The effect of the Enlightenment bifurcated not only faith and reason but also imagination and knowledge. “[S]ome philosophers of the Enlightenment thought that image and imagination simply clouded and obscured the pure dry knowledge that they were after” (Guite, Faith, Hope and Poetry, 2). This was done in vast contrast to the age when fables, stories, and myths communicated knowledge, albeit through the medium of fertile imaginations.
This is why the late Oxford Professor of Poetry, Seamus Heaney, titled his lectures The Redress of Poetry, whereby he defends the notion that poetry balances, in the words of Guite, “our vision of the world and ourselves” (Ibid., 1).
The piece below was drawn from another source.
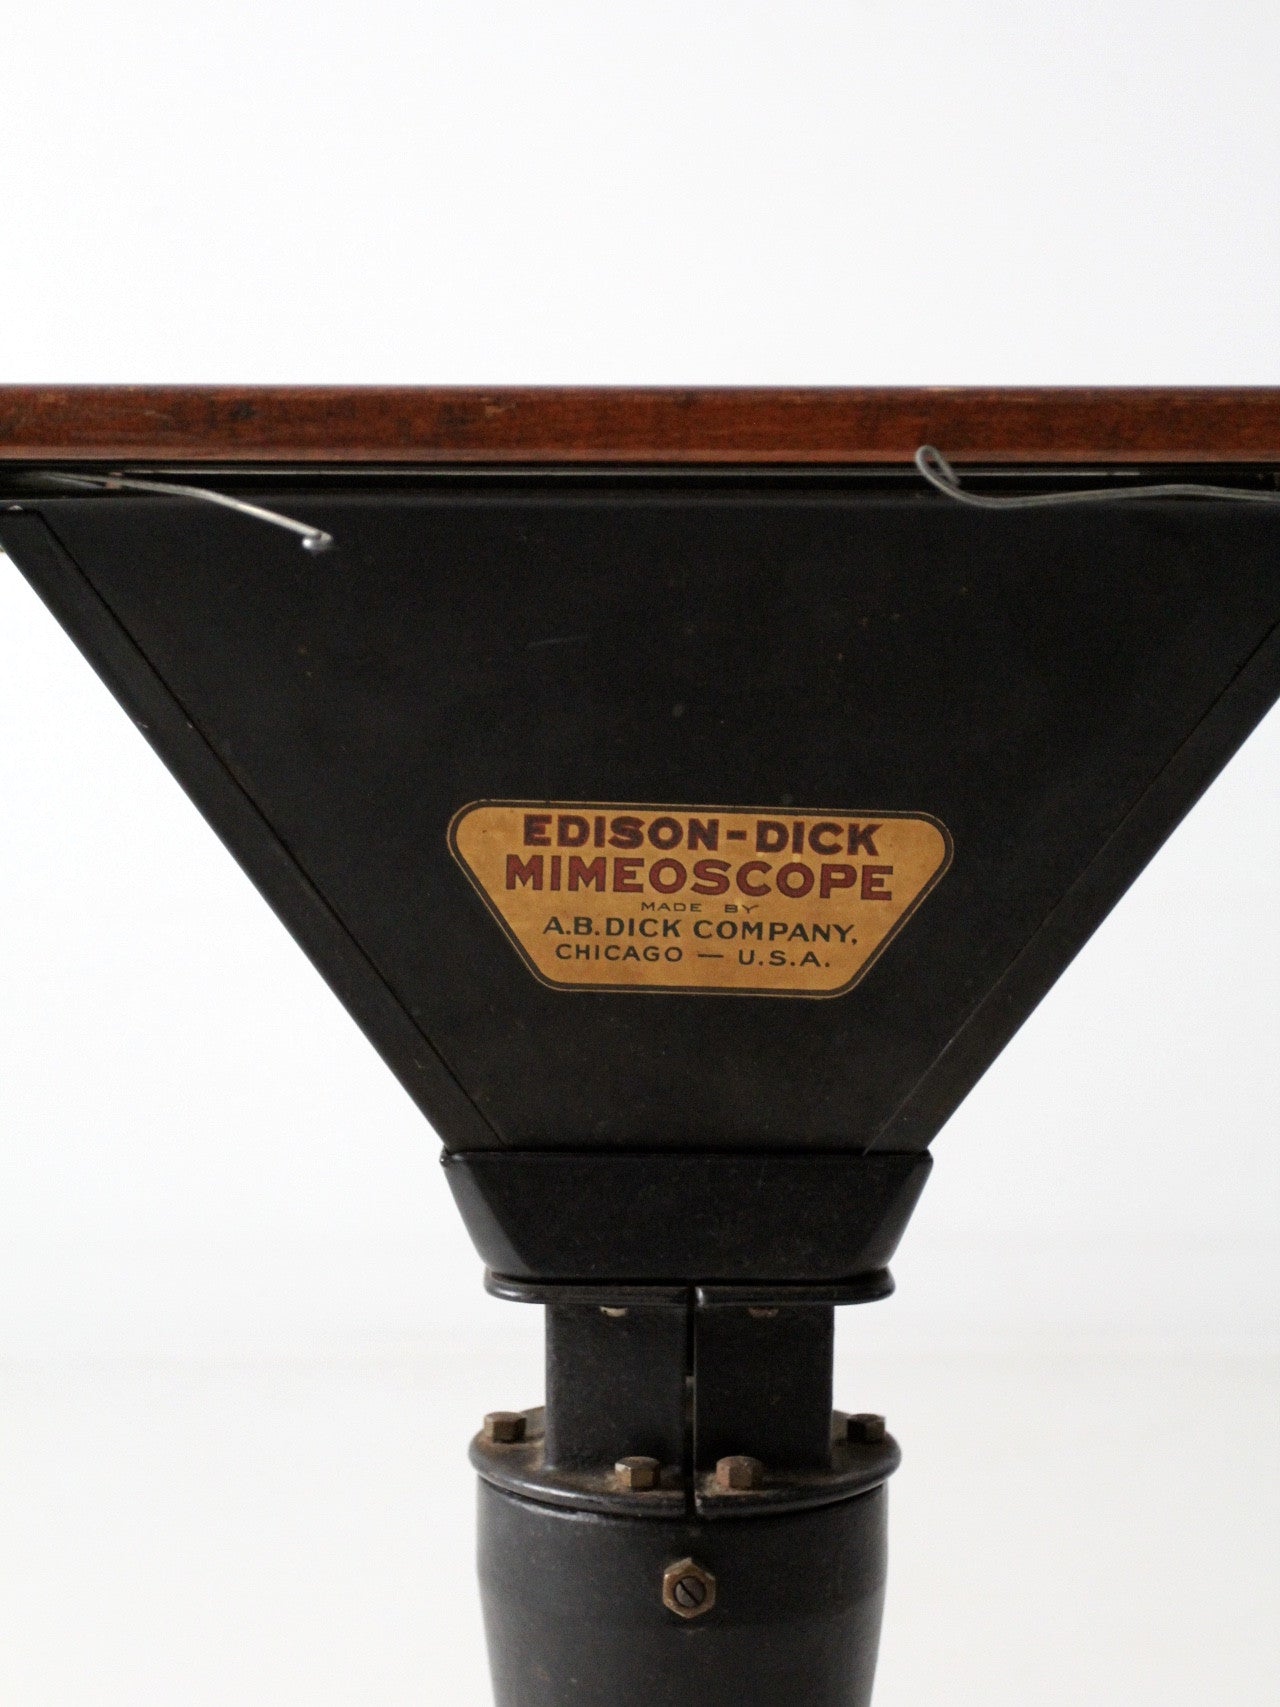 Edison-Dick mimeoscope circa 1915

The restoration of poetry is no small endeavor.
I have personally experienced the amorphous gulf between knowledge and imagination in the sandbox of my experiences with Christian thinkers. Some have labeled poetry or story-telling too subjective or interpretive.
To that I say, “Conveying propositional truth claims about the kingdom of God through story or parables didn’t seem to bother Jesus.” I would also like to add that “it’s the experience or interpretation that gives knowledge its meaning, and meaning is what makes it powerful.” So I take issue with Francis Bacon’s aphorism of “knowledge is power.” It’s the imagination that makes it powerful, and by “powerful” I mean attractive and delightful.
May we continue to holistically serve the kingdom according to Pascal’s aphorism which states that true religion is both reasonable and thus reverential, as well as attractive: “Worthy of reverence because it really understands human nature. Attractive because it promises true good” (Pascal, Pensées, §12).
I am thankful to the relatively recent rise of Christian apologists and theologians who see the value of doing imaginative or cultural apologetics, such as C.S. Lewis, Paul Gould, Malcolm Guite, Francis Schaeffer, and Kevin Vanhoozer, to name just a few thinkers and creatives.